|Other names||Lucky Dragon Tea|
|Quick description||Good bodied, warm, spring-like in flavor|
Hyson, or Lucky Dragon Tea, is a Chinese green tea that comes from the Anhui province of China. It is made from young leaves that are thinly rolled to have a long, twisted appearance that unfurls when brewed. The name Hyson is probably derived from a Cantonese name (Chinese: 熙春茶; Jyutping: szhi1ceon1caa3; lit. 'flourishing spring tea')[clarification needed], although there are also anecdotal claims that it was named after an English tea merchant, Phillip Hyson. Hyson is graded into the following three categories: Mi Si, Cheng Si and Fu Si.
While hyson tea is often thought of as a low-grade or mediocre quality tea, young hyson is considered high quality. It is harvested earlier, "before the rains," and has a full-bodied, pungent taste and is golden in color. Young hyson tea is subdivided into Chun Mee (a hard, small, twisted leaf), Foong Mee (a long, large, curly leaf), Saw Mee (a small, non-hard, twisted leaf), and Siftings. It is also sometimes classified as First, Second, and Third Young Hyson. The Chinese name for young hyson is Yu Chin Ch'a and is categorized as the following: Mi Yu, O Yu, I Yu, Ya Yu as well as Si Yu.

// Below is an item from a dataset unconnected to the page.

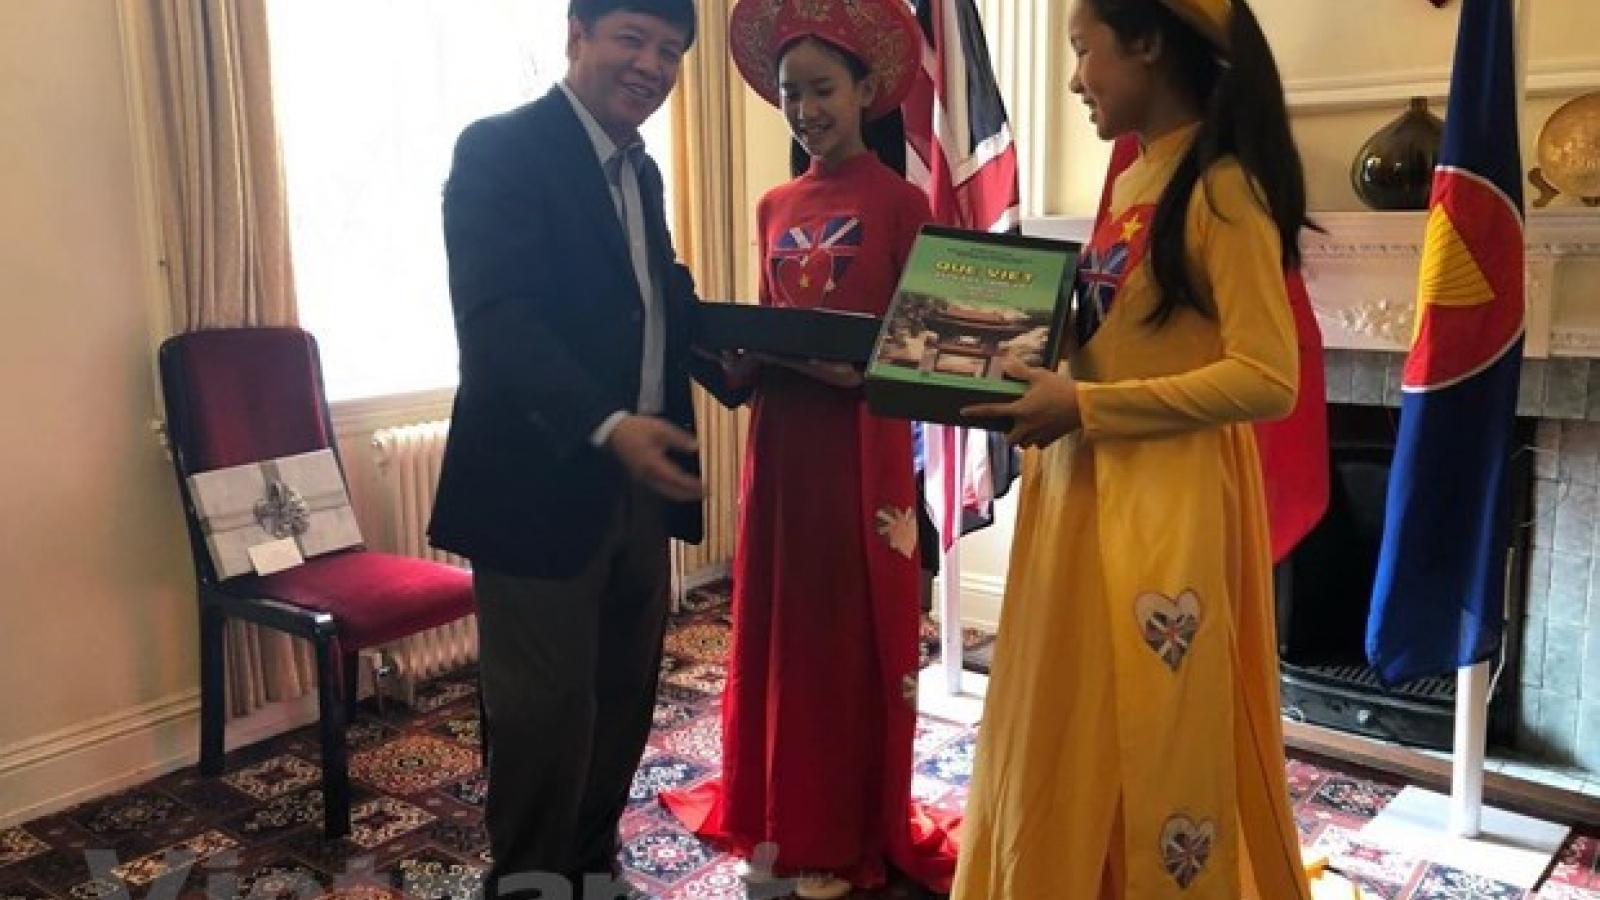 Officials on Overseas Vietnamese Affairs visit UK

To brew, use 1 teaspoon per 6 oz cup,[clarification needed] use water that is below boiling point, and steep for 2–3 minutes.
Hyson tea has been described as light, warm, smooth, good-bodied, earthy, sunny, and spring-like in flavor. It can be served hot or iced. Milk and sugar are not typically added and are thought to diminish the flavor of hyson tea, but cold hyson tea is often garnished with lime or lemon.

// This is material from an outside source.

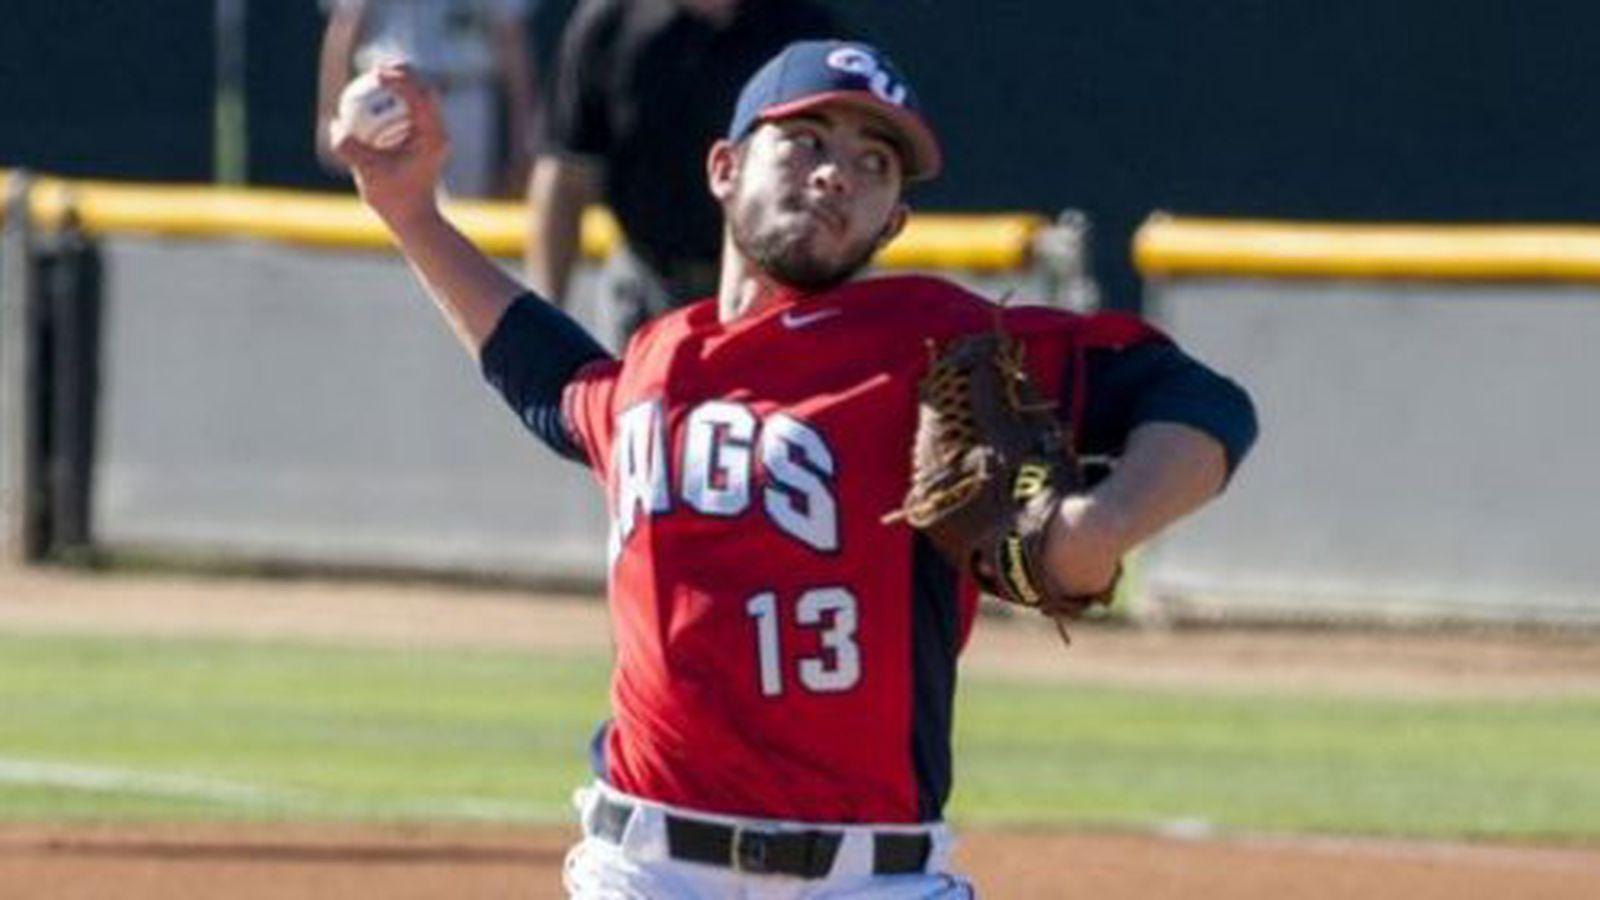 Zags_pitcher_wins_777.0

Despite often being considered of mediocre quality, hyson tea was highly prized by the 18th century British and tea tax on hyson tea was higher than for other teas. During the Boston Tea Party hyson tea represented 70 of the more than three hundred chests of tea that were destroyed.
Hyson tea is referenced in the first stanza of "Xenophanes" by Ralph Waldo Emerson, 1847: "By fate, not option, frugal Nature gave One scent to hyson and to wall-flower, One sound to pine-groves and to waterfalls, One aspect to the desert and the lake." 

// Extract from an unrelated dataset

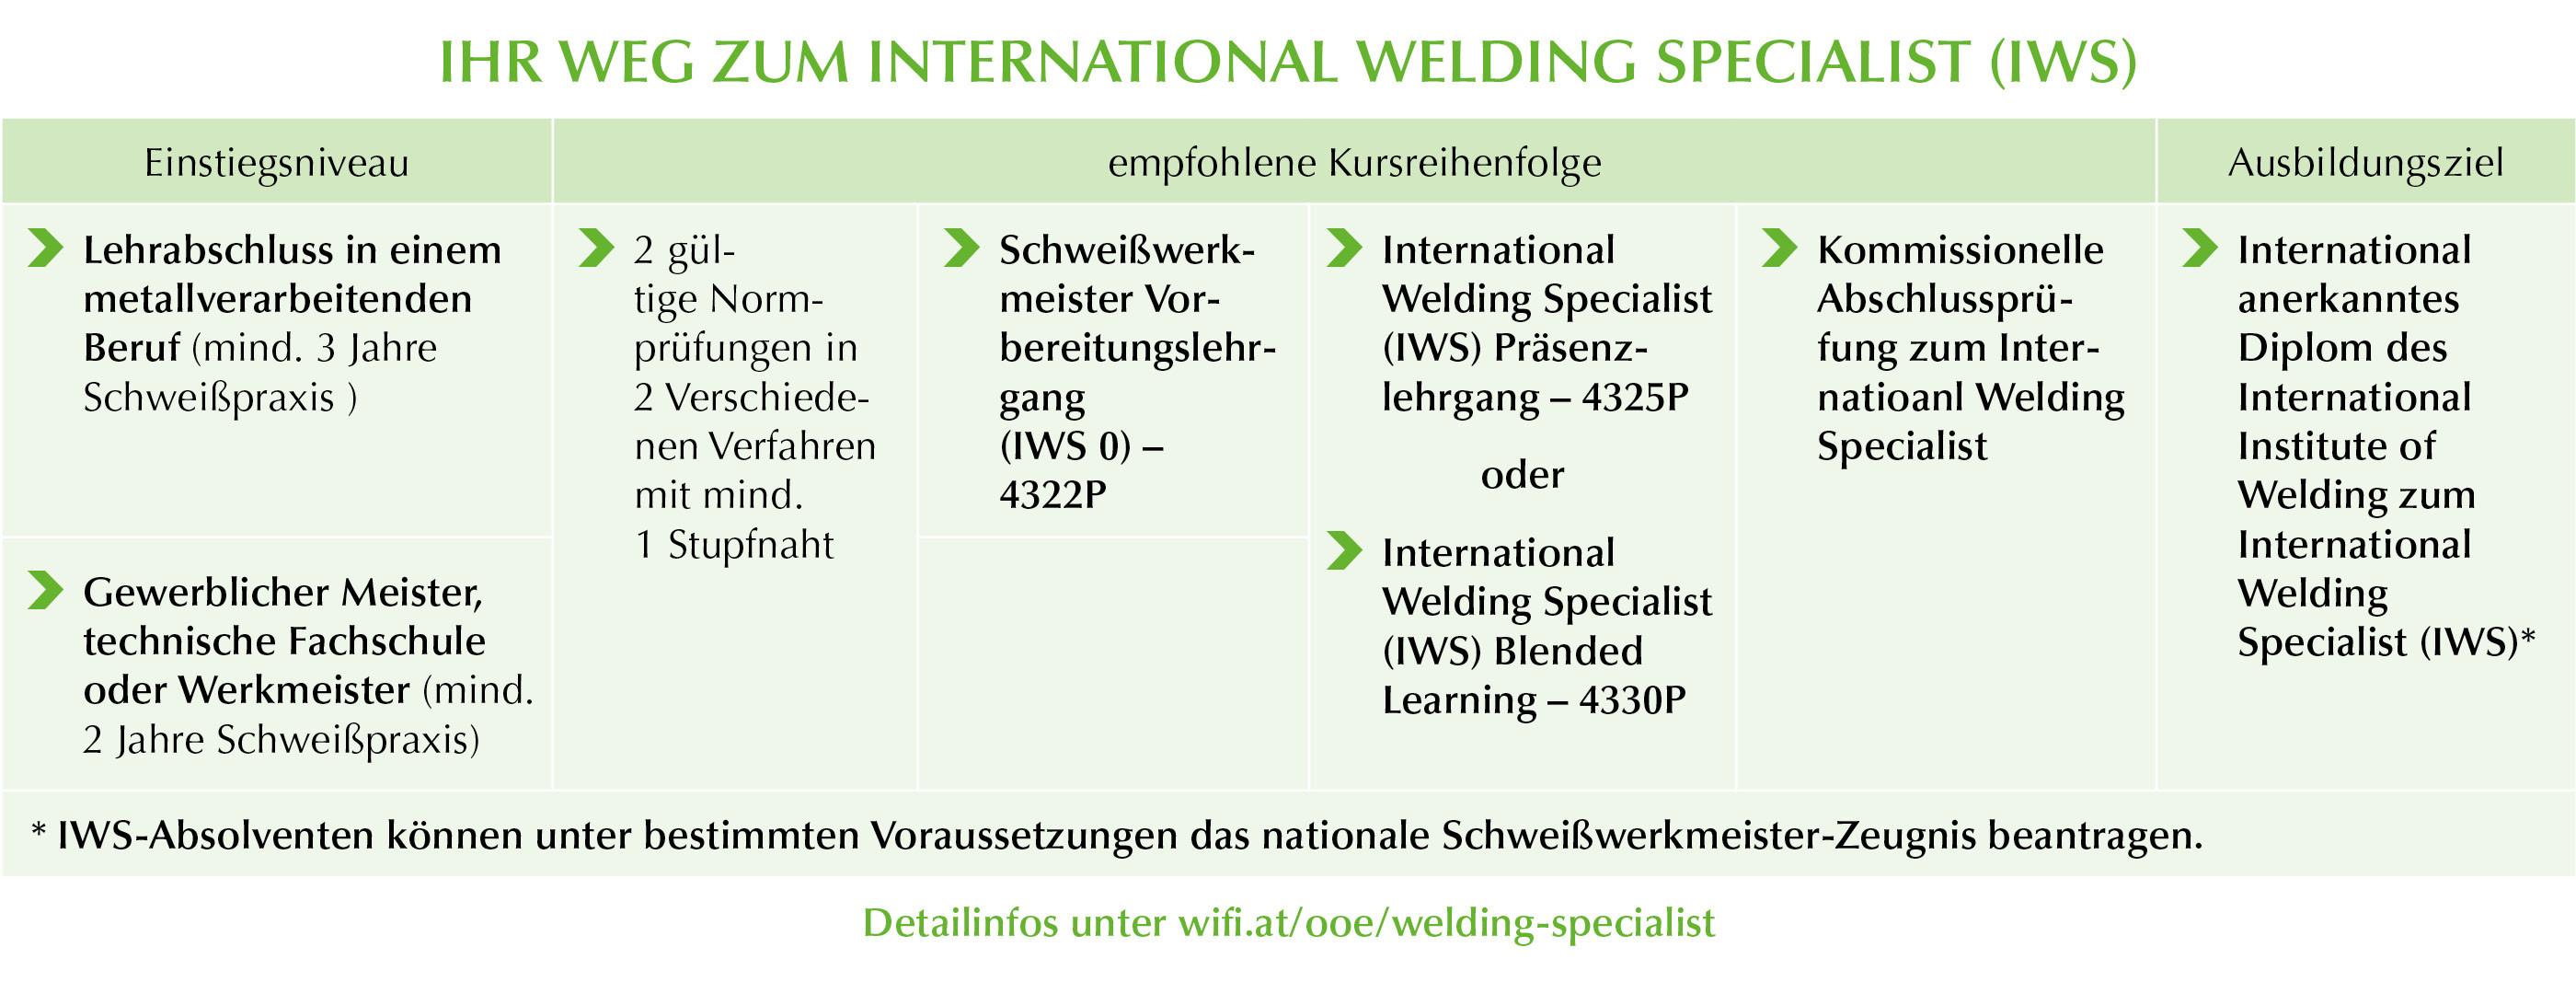 International Welding Specialist

The English essayist Charles Lamb mentions Hyson tea in his essay "Old China", which appears in the collection Essays of Elia (Last Essays of Elia, published 1835): "I was pointing out to my cousin last evening, over our Hyson (which we are old fashioned enough to drink unmixed still of an afternoon) some of these speciosa miracula upon a set of extra-ordinary old blue china".